SOUTH DEERFIELD — The South Deerfield Water Supply District is awaiting approval from the Attorney General’s Office regarding its choices for third-party testing and auditing services following a September legal settlement.

As part of the settlement, the South Deerfield Water Supply District must implement a series of auditing and oversight measures to ensure clean drinking water for the approximately 3,800 residents in South Deerfield and a portion of Whately that it serves. Superintendent Dan Dion said the district has put these measures in place, but is waiting for official approval.

“We did submit to the attorney general who we’re trying to use for third-party testing, sampling and auditing,” Dion asserted. “The attorney general has not gotten back to us yet if they’re approved or not. … Hopefully, they just approve who we want.”

The settlement follows an investigation into former Superintendent Roger Sadoski Jr. and the South Deerfield Water Supply District allegedly failing to report levels of chlorine and the turbid quality (the cloudiness) in the public’s water by repeatedly altering the water records and monthly reports before sending them to the state Department of Environmental Protection from 2014 to 2018.

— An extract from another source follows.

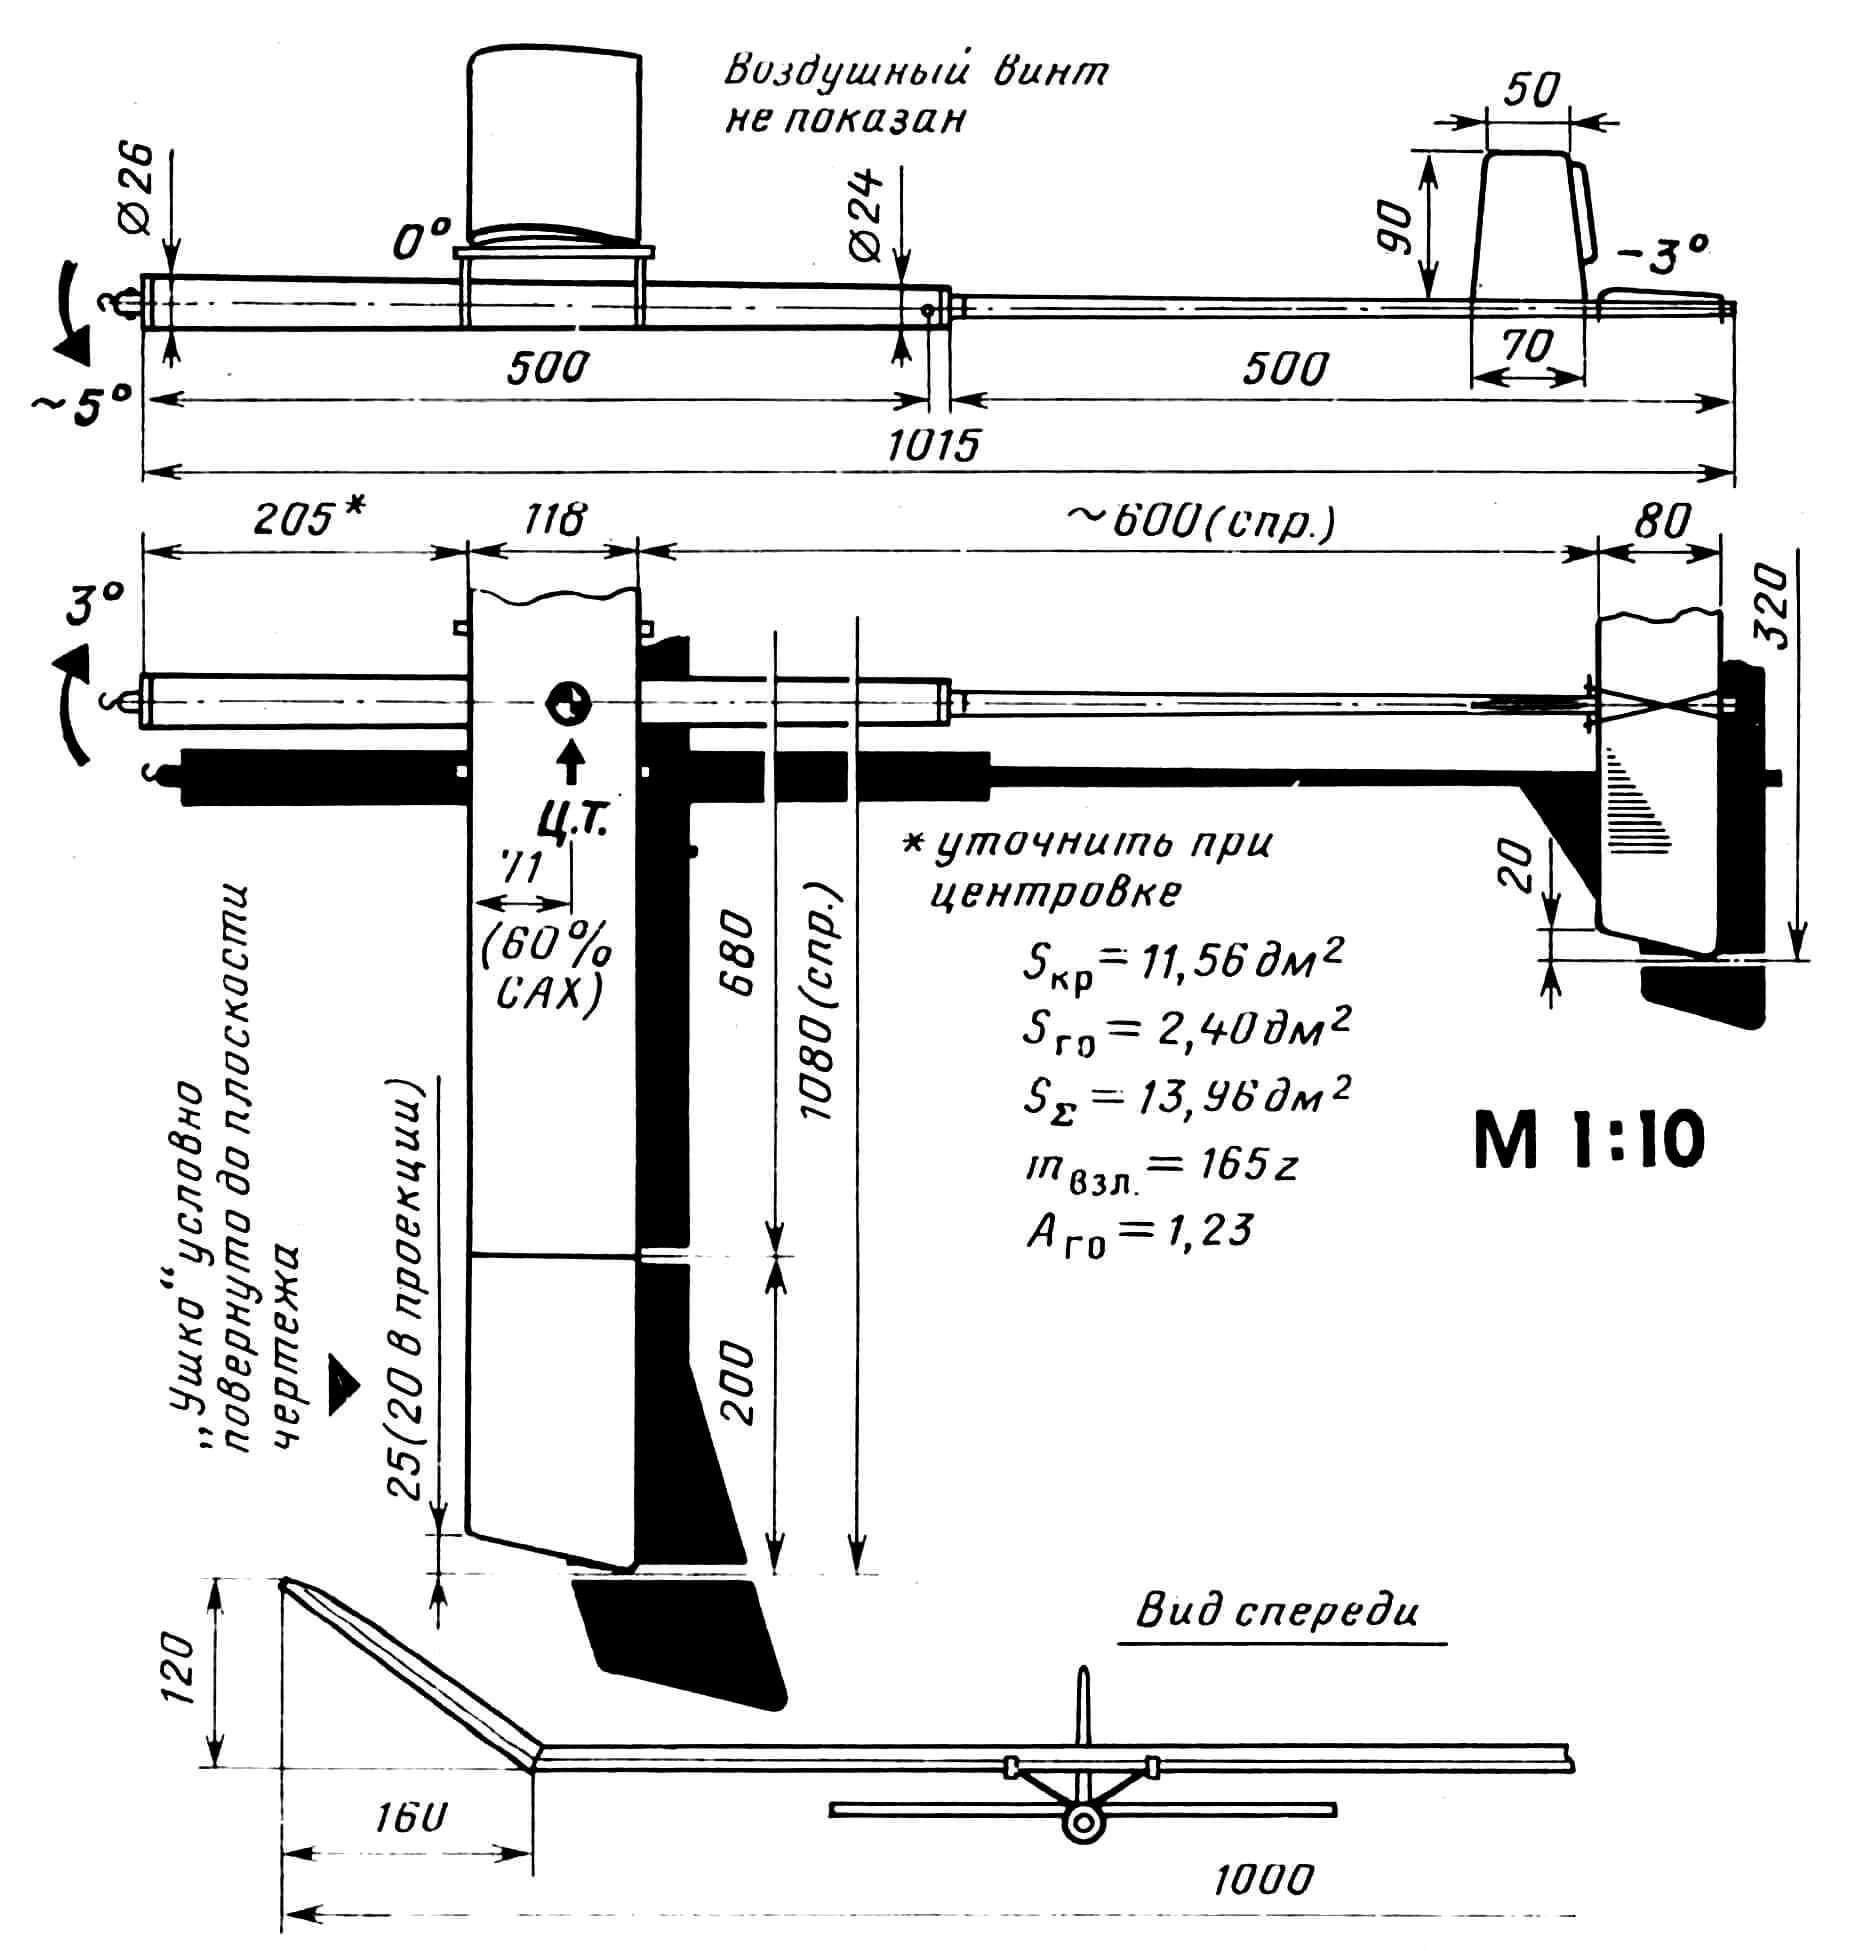 Рис. 1. Геометрические параметры резиномоторной модели.
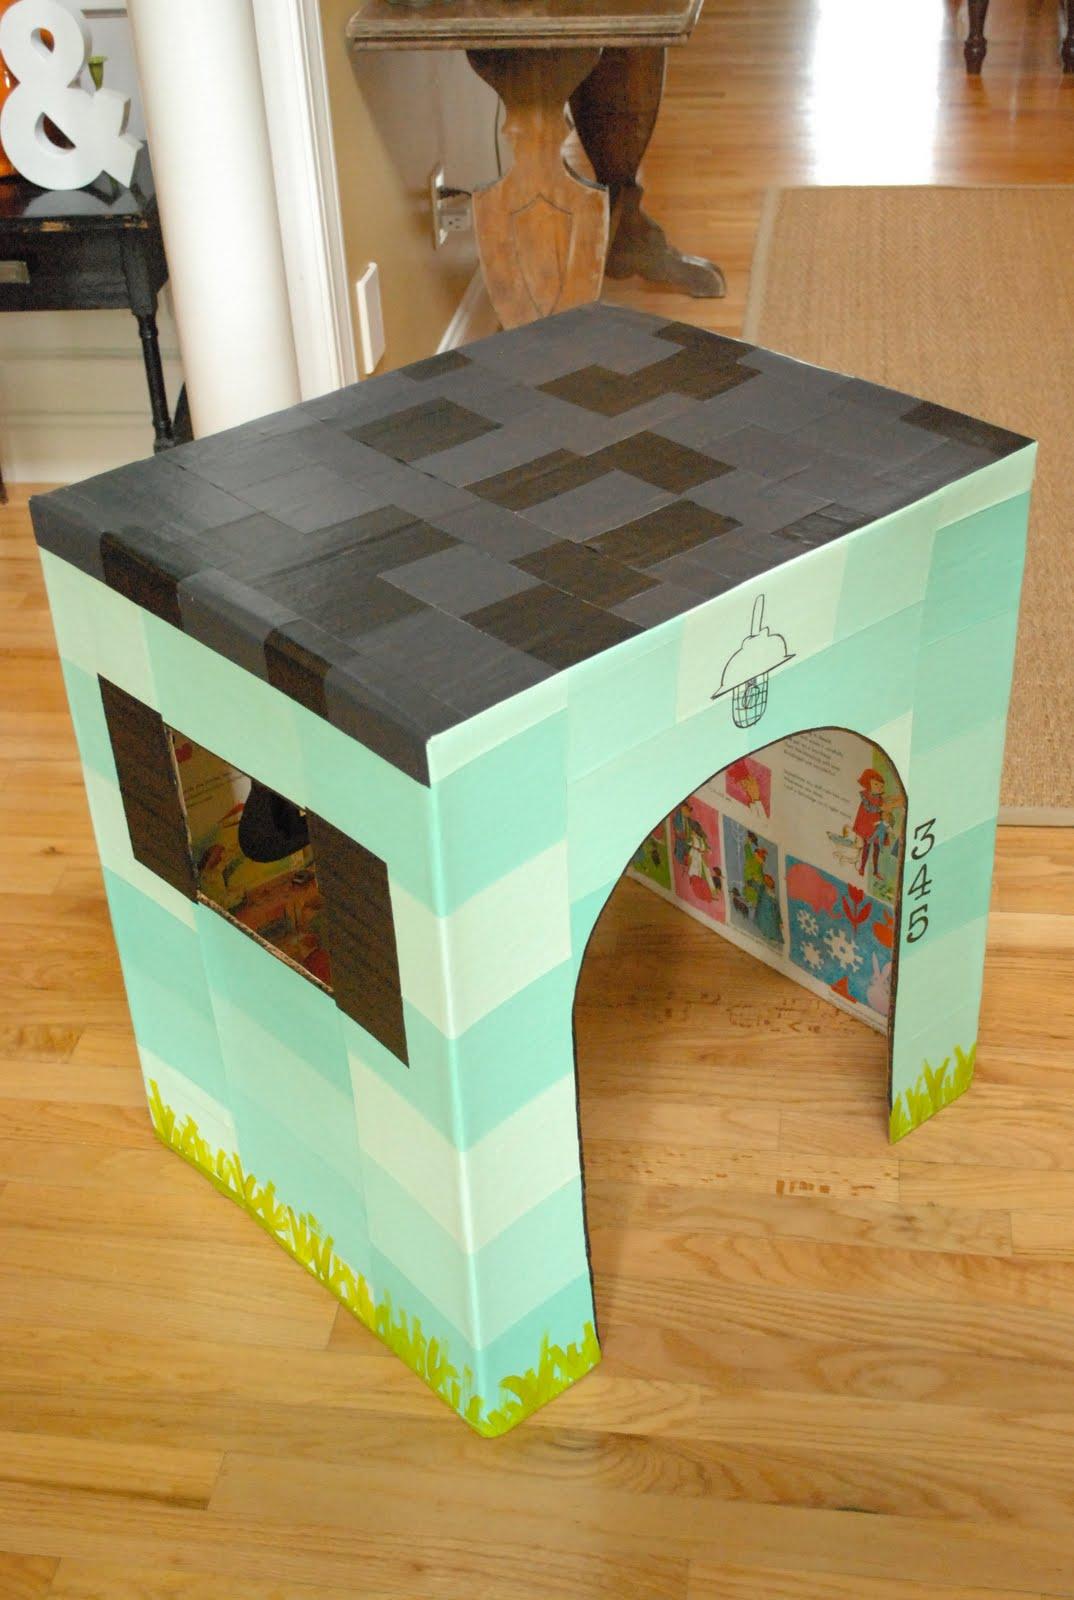 Делаем эконом мебель из картона: стол, полки для книг и обуви 9

Additionally, the South Deerfield Water Supply District allegedly, under Sadoski’s orders, illegally handled and removed an asbestos-containing pipe during an emergency repair in 2018, which polluted the air and put the health of both staff and the public at risk, according to the AG’s office. Sadoski himself has surrendered his professional water license, is barred from any public water supply work and must pay $200,000 in civil penalties.

Also as a result of the settlement, the Attorney General’s Office ordered the South Deerfield Water Supply District to submit choices for labs and organizations to conduct the following third-party testing and auditing measures:

■Calibration of the water district’s water quality monitoring equipment.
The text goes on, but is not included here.